Главный безумец или конец иллюзий

«Мы не сделали скандала, нам вождя недоставало, настоящих буйных мало, вот и нету вожаков», – слова Высоцкого надо бы выбить на плите, посвященной Октябрю. Массы безумны и ждут вождя из сумасшедших. Еще раз только подчеркну, что безумцы считают себя здоровыми, их можно угадать только со стороны.

Первым увидел в Ленине «прирожденного преступника», который не остановится ни перед чем и выполнит все затаенные желания массы, великий русский писатель Иван Бунин. Бунин говорил, что большевики убили чувствительность. Мы переживаем смерть одного, семи, – писал он, – допустим, труднее сопереживать смерти семидесяти, но когда убивается семьдесят тысяч, то человеческое восприятие перестает работать. Он писал: «Это Ленины задушили в России малейшее свободное дыхание, они увеличили число русских трупов в сотни тысяч раз, они превратили лужи крови в моря крови, а богатейшую в мире страну народа пусть темного, зыбкого, но все же великого, давшего на всех поприщах истинных гениев не меньше Англии, сделали голым погостом, юдолью смерти, слез, зубовного скрежета; это они затопили весь этот погост тысячами “подавляющих оппозицию” чрезвычаек, гаже, кровавее которых мир еще не знал институтов, это они <…> целых три года дробят черепа русской интеллигенции»[112].

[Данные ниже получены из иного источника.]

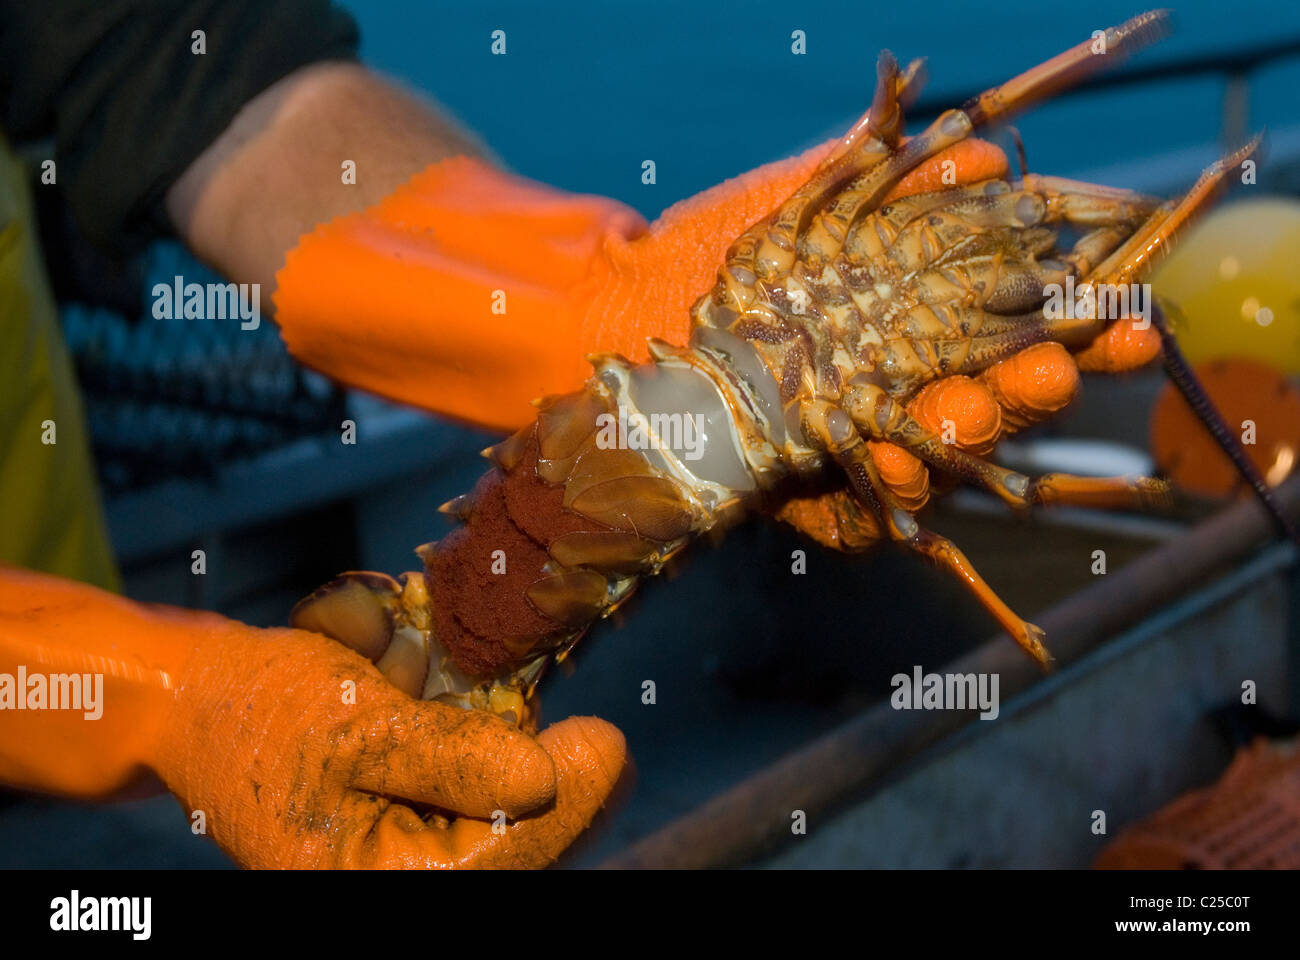 Lobster fishing, Kaikoura, New Zealand Stock Photo

Самое интересное, что Бунин не выделяет особенно Ленина из этой череды разбойников, хитровцев и босяков, он тот самый, кого и ждала эта масса. Степун замечал: «Как прирожденный вождь он инстинктивно понимал, что вождь в революции может быть только ведомым, и, будучи человеком громадной воли, он послушно шел на поводу у массы, на поводу у ее самых темных инстинктов. В отличие от других деятелей революции, он сразу же овладел ее верховным догматом – догматом о тожестве разрушения и созидания и сразу же постиг, что важнее сегодня, кое-как, начерно, исполнить требование революционной толпы, чем отложить дело на завтра, хотя бы в целях наиболее правильного разрешения вопроса. На этом внутреннем понимании зудящего “невтерпеж” и окончательного “сокрушай” русской революционной темы он и вырос в ту страшную фигуру, которая в свое время с такой силою надежд и проклятий приковала к себе глаза всего мира»[113].

Федор Августович Степун

Замечу, что о жестокости Ленина поначалу (до создания советского мифа для детей о добром дедушке Ленине) говорили его соратники не только не стесняясь, но одобрительно. Скажем, Троцкий вспоминал о реакции Ленина на отмену смертной казни солдат-дезертиров: «Вздор, – повторял он. – Как же можно совершить революцию без расстрелов? Неужели же вы думаете справиться со всеми врагами, обезоружив себя? Какие еще есть меры репрессии? Тюремное заключение? Кто ему придает значение во время гражданской войны, когда каждая сторона надеется победить?»[114]